# MTD riding tractor just up and died...



## robertson39 (Oct 28, 2010)

I was using it today and was riding across the lawn when the engine quit. No sputter or anything. I wasn't using the mower, just moving some leaves with the tractor. It has gas and was running fine for several hours. 

It's a Yardmachines (16/42) with a B&S engine/hydrostatic tranny.

I tried to restart it and it turned over fine but no ignition. I looked for the obvious stuff (seat switch seems Ok, and no disconnected wires). I pulled off the plate where the transmission release and break controls are and the wiring there looks ok. However, after I put that back together, it wouldn't even turn over. Now I'm stumped. Too much electrical for me. Anything more than the starter switch and the magneto on my old gravely and I'm stumped.

Any ideas appreciated.


----------



## jsohn (Oct 17, 2010)

Do you have continuity between the positive on the battery and the connector on the starter motor (when you are sitting on seat, depressing brake, turning key, etc.)? If you do not then it is one of your safety switches that is not allowing current through the starter solenoid. If you have continuity between these points, your starter is shot or your battery is dead or some other problem. When the engine cranked for the first time, did you test for spark?


----------



## robertson39 (Oct 28, 2010)

*Answers for jsohn*

So, it was turning over just fine but wouldn't fire and I moved it to the garage to check for a spark.

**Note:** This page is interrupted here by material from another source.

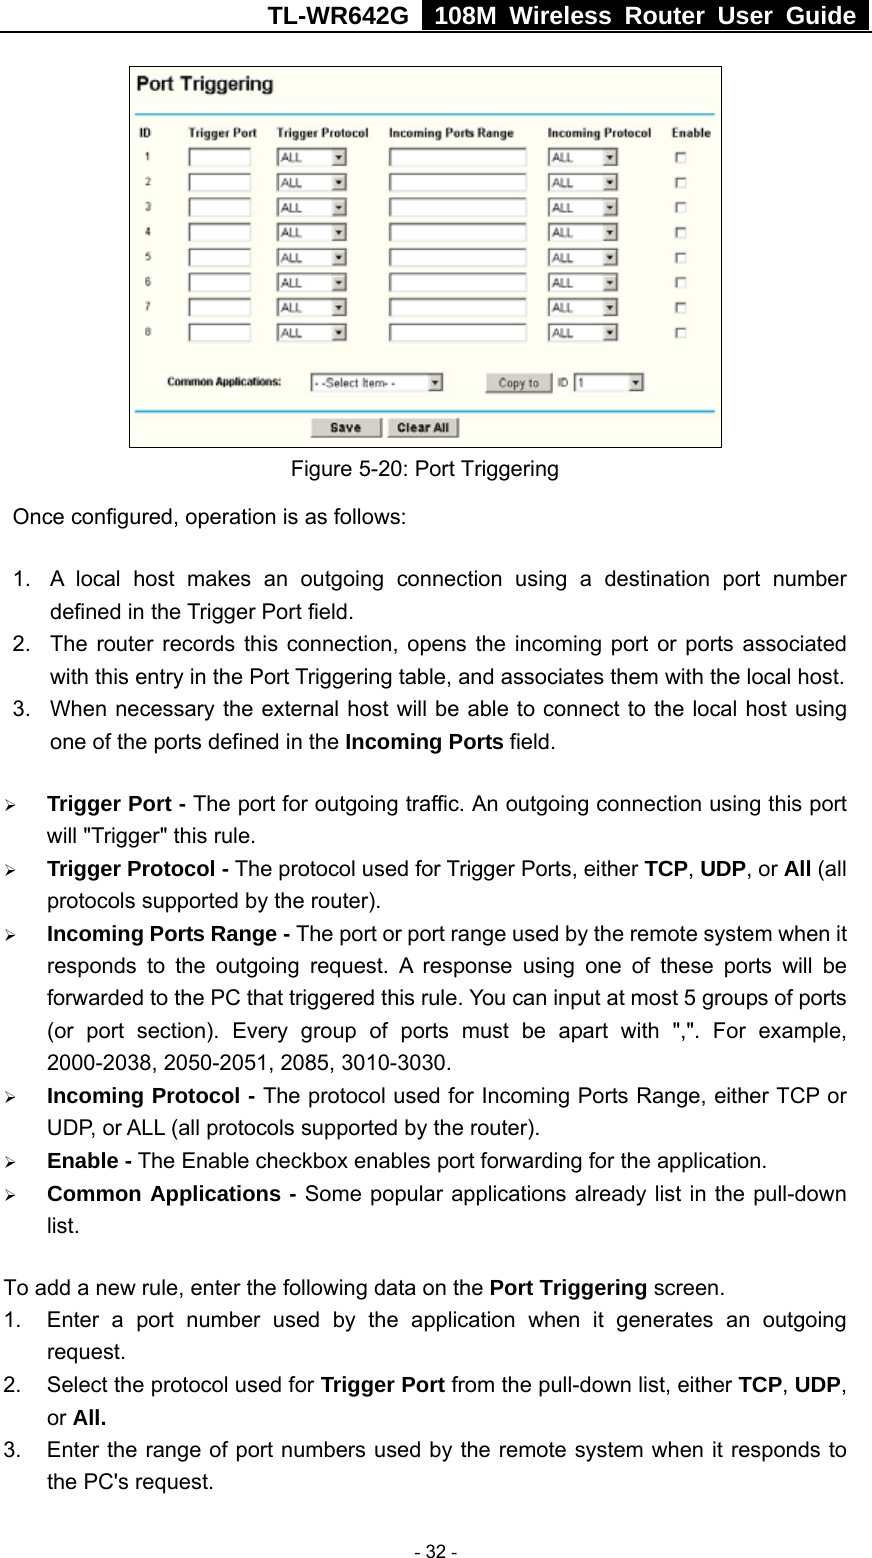 TL-WR642G   108M Wireless Router User Guide   - 32 -  Figure 5-20: Port Triggering Once configured, operation is as follows:   1.  A local host makes an outgoing connection using a destination port number defined in the Trigger Port field.   2.  The router records this connection, opens the incoming port or ports associated with this entry in the Port Triggering table, and associates them with the local host.   3.  When necessary the external host will be able to connect to the local host using one of the ports defined in the Incoming Ports field. ¾ Trigger Port - The port for outgoing traffic. An outgoing connection using this port will &quot;Trigger&quot; this rule. ¾ Trigger Protocol - The protocol used for Trigger Ports, either TCP, UDP, or All (all protocols supported by the router). ¾ Incoming Ports Range - The port or port range used by the remote system when it responds to the outgoing request. A response using one of these ports will be forwarded to the PC that triggered this rule. You can input at most 5 groups of ports (or port section). Every group of ports must be apart with &quot;,&quot;. For example, 2000-2038, 2050-2051, 2085, 3010-3030. ¾ Incoming Protocol - The protocol used for Incoming Ports Range, either TCP or UDP, or ALL (all protocols supported by the router). ¾ Enable - The Enable checkbox enables port forwarding for the application. ¾ Common Applications - Some popular applications already list in the pull-down list. To add a new rule, enter the following data on the Port Triggering screen.   1.  Enter a port number used by the application when it generates an outgoing request.   2.  Select the protocol used for Trigger Port from the pull-down list, either TCP, UDP, or All. 3.  Enter the range of port numbers used by the remote system when it responds to the PC&apos;s request.

After I pulled the plug wire and put in on another sparkplug I had. I went to turn it over and nothing.


----------



## dangeroustoys56 (Jul 26, 2010)

Electrical issues are definitely the worst issues to have. Try these first: Near the battery or starter solenoid, theres a small inline fuse - sometimes this gets corroded or just fails - that can cause a 'no start- no turnover' - if that doesnt do it ( to at least crank it over) then its probably another open circuit somewhere. More then likely youll need to go thru the whole electrical system, safeties, ign swich, solenoid - dont forget the battery cables either- could be simple as corrosion or failure of all ( might be best to get another switch and solenoid to at least rule those out).

As for no spark, try unhooking the magneto kill wire ( usually a single black wire by the carb - sometimes goes in front of the motor and out by the starter motor) - unhook it, put the tractor in neutral , chock the wheels and try turning it over and seeing if theres spark - sometimes a dead ign switch will cause the magneto to ground out - it happened on my 82 dynamark's original ign switch last year.

If nothing else works, unfortunately youll be needing a new magneto.


----------



## robertson39 (Oct 28, 2010)

Ok. It was the coil/magneto. The no turnover was just the batter giving up. What a PIA.....


----------